Dit leverde hem een totaal van "54 ans de services admisibles pour la pension". Hierdoor had hij recht op een jaarlijks pensioen van 660 fr. Daarbij werden de 100 fr per jaar gevoegd die hij kreeg uit hoofde van zijn Ridderschap in de Leopoldsorde wat het totaal op 760 fr bracht. Waarom het echtpaar naar Antwerpen en daarna naar Vilvoorde ging wonen hebben we niet kunnen terugvinden. Op 12 februari 1881 werden ze echter weer te Oostende ingschreven als wonende in de St.Georgesstraat nr 22. Rocco Campana hield waarschijnlijk nog regelmatig contact met andere oudgedienden van de Marine Royale. Zo bestaat er nog een schrijven van zijn oude scheepskommandant DUFOUR, waarin deze hem bedankt voor de gelukwensen die Rocco gezonden had ter gelegenheid van Dufour's 50ste jaar dienst. De Marine was hem ook niet vergeten want in 1896 kreeg Roch, nog steeds als "Premier maitre" de "Medaille commémorative" die uitgegeven werd ter gelegenheid van het 50-jarig bestaan van de Oostende-Doverlijn.

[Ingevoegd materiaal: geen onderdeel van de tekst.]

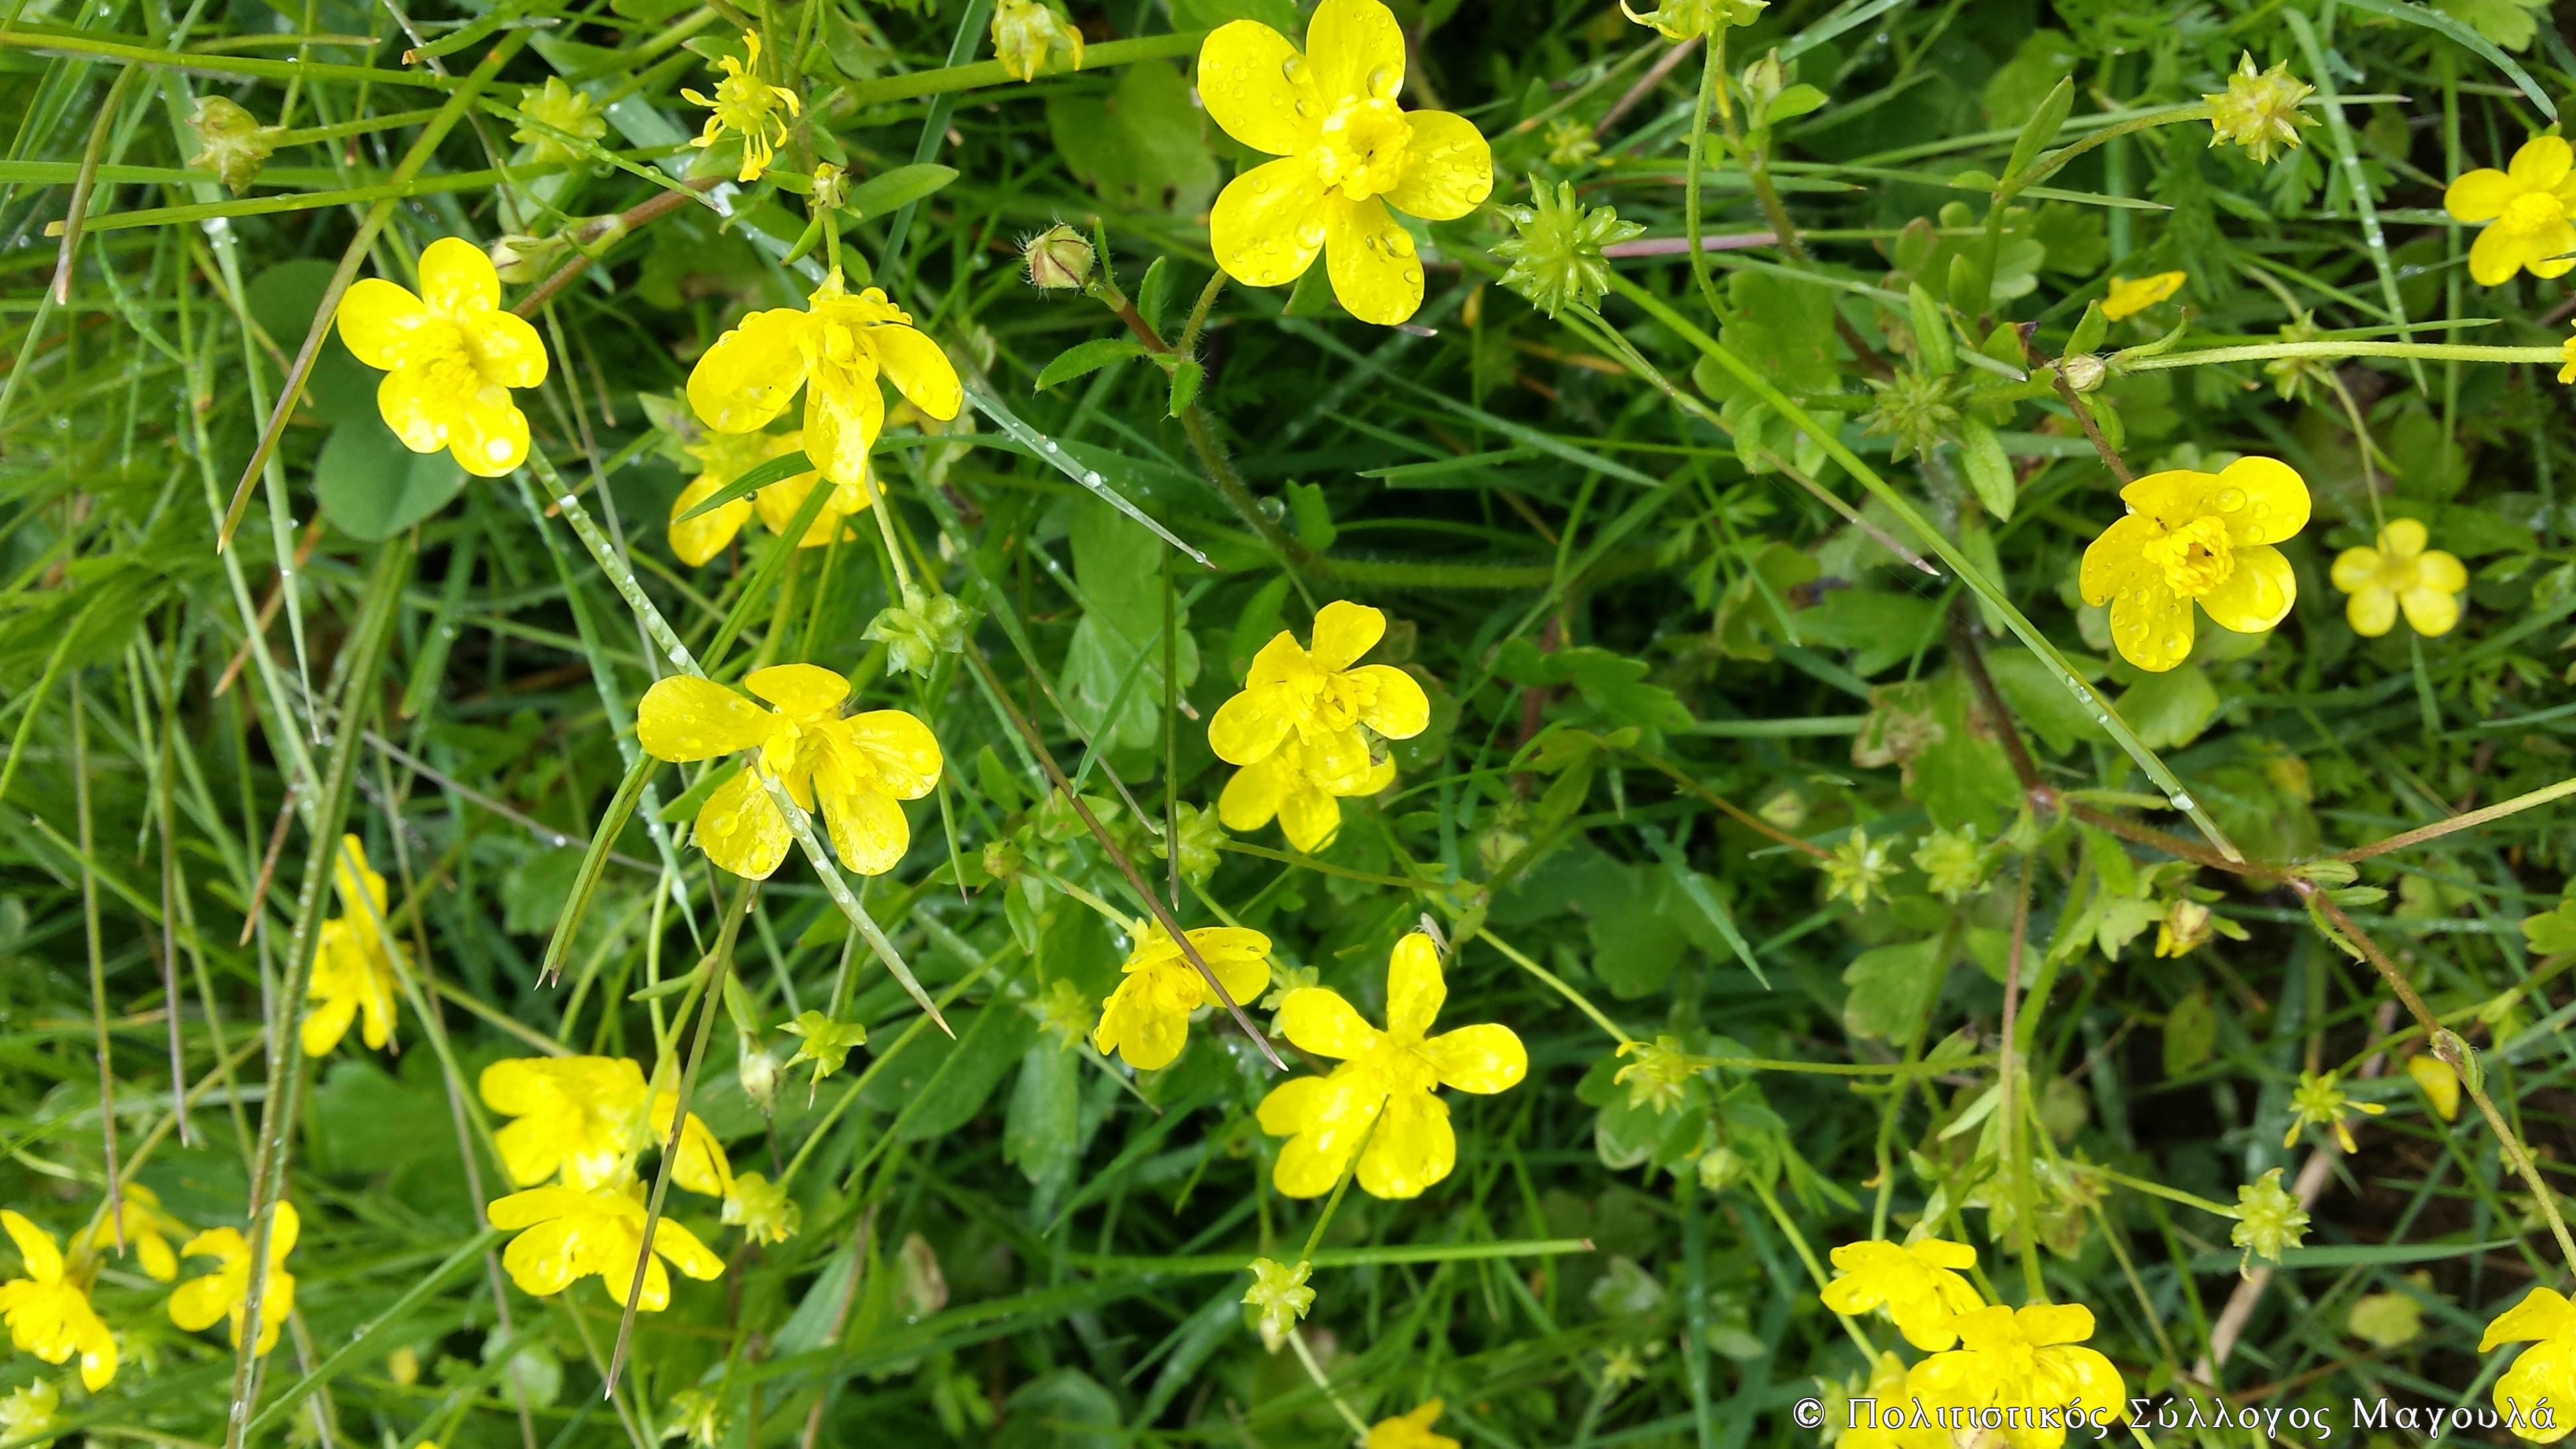 Λουλούδια του κάμπου- Flowers of lasithi plain

Op 31 mei 1898 verhuist de familie Campana naar de Amsterdamstraat nr31.Het is in dit huis dat ROCH CAMPANA op 2 juli 1899, zijn rijkgevuld zeemansleven afsluit in de gezegende leeftijd van 86 jaren. Zijn echtgenote volgde hem 14 jaren later, in 1913.

Tot hier de geschiedenis van deze eenvoudige onderofficier uit onze eerste nationale oorlogsmarine, die echter door zijn staat van diensten de bewondering afdwong van al zijn oversten.

Bronnen: Persoonlijk dossier en staat van diensten van Roch Campana.

Maitre de Manoeuvre de Première Classe de la Marine Royale.